Снова обдав нас коричневой снежной жижей, «Скорая» уехала, а мы вошли в темный подъезд и поднялись на третий этаж. Отчим долго не открывал. Наконец его глухой спросонья голос спросил:
– Кто там?
– Свои, – хором ответили мы.
– Свои все дома, – соврал отчим.
Дверь приоткрылась. В узкую, ограниченную цепочкой щель просунулось его хмурое заспанное лицо.
– Ты чо, ебенть. Дня мало? Ночью шляесся?

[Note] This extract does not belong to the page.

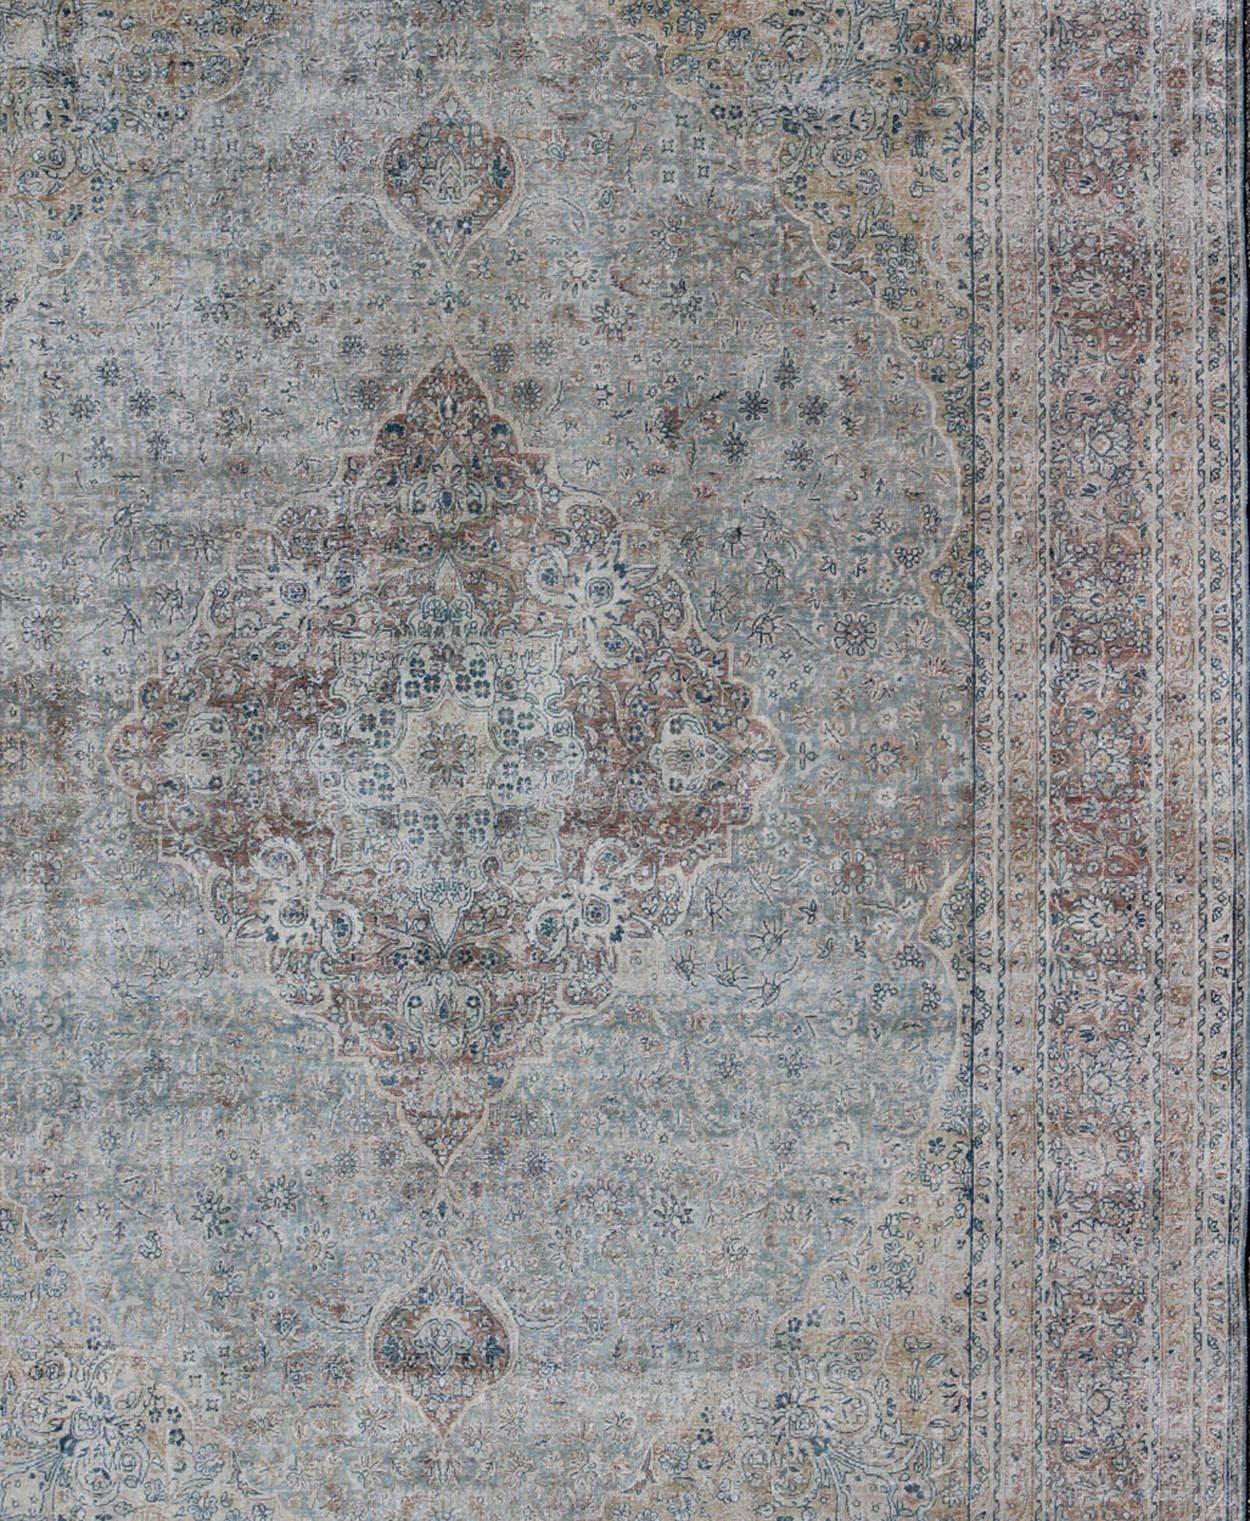 Hand-Knotted Antique Persian Tabriz Rug with Medallion Design in Grayish Blue, Gold, Brown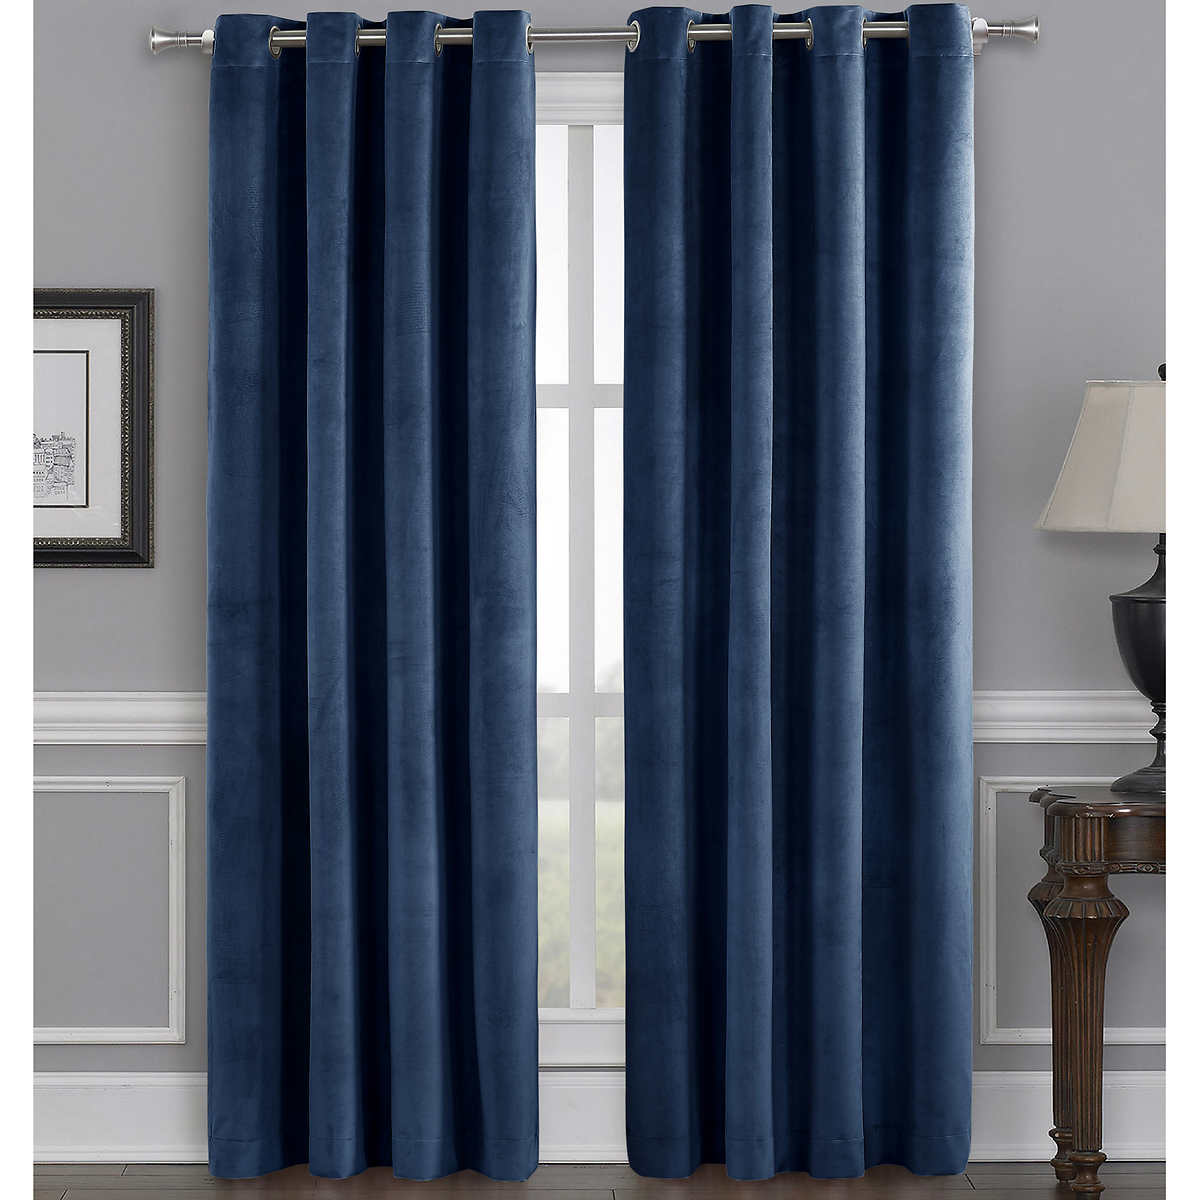 PREMIUM BLACK OUT Curtains Ring Pair of Eyelet Fully Lined Thermal NO LIGHT Entr

Дверь на мгновение захлопнулась и, освобожденная от цепочки, полностью отворилась. Отчим, не смущаясь своих семейных трусов и Сашкиного присутствия, продолжал бухтеть. Ясно было, что он ничего не знает. Я стала суетливо извиняться и, как бы ненароком, спросила:
– Ты маму сегодня не навещал?
Он удивился:
– Как не навещал? Целу кастрюлю винегрета ей сегодня оттащил. У них не больница, а откормочный цех. Делать нехера, вот и жрут с утра до вечера. Мы, ета… с матерью-то даже клюкнули маненько по поводу твоего деньрожденья.
Я не стала ему ничего рассказывать и, почти успокоенная, примирительно чмокнула в небритую щеку. Спать мы с Сашкой легли в маминой комнате. Едва донеся голову до подушки, он уснул, а я вертелась, вздыхала, бултыхаясь в проруби страха и цепляясь за хрупкую кромку надежды.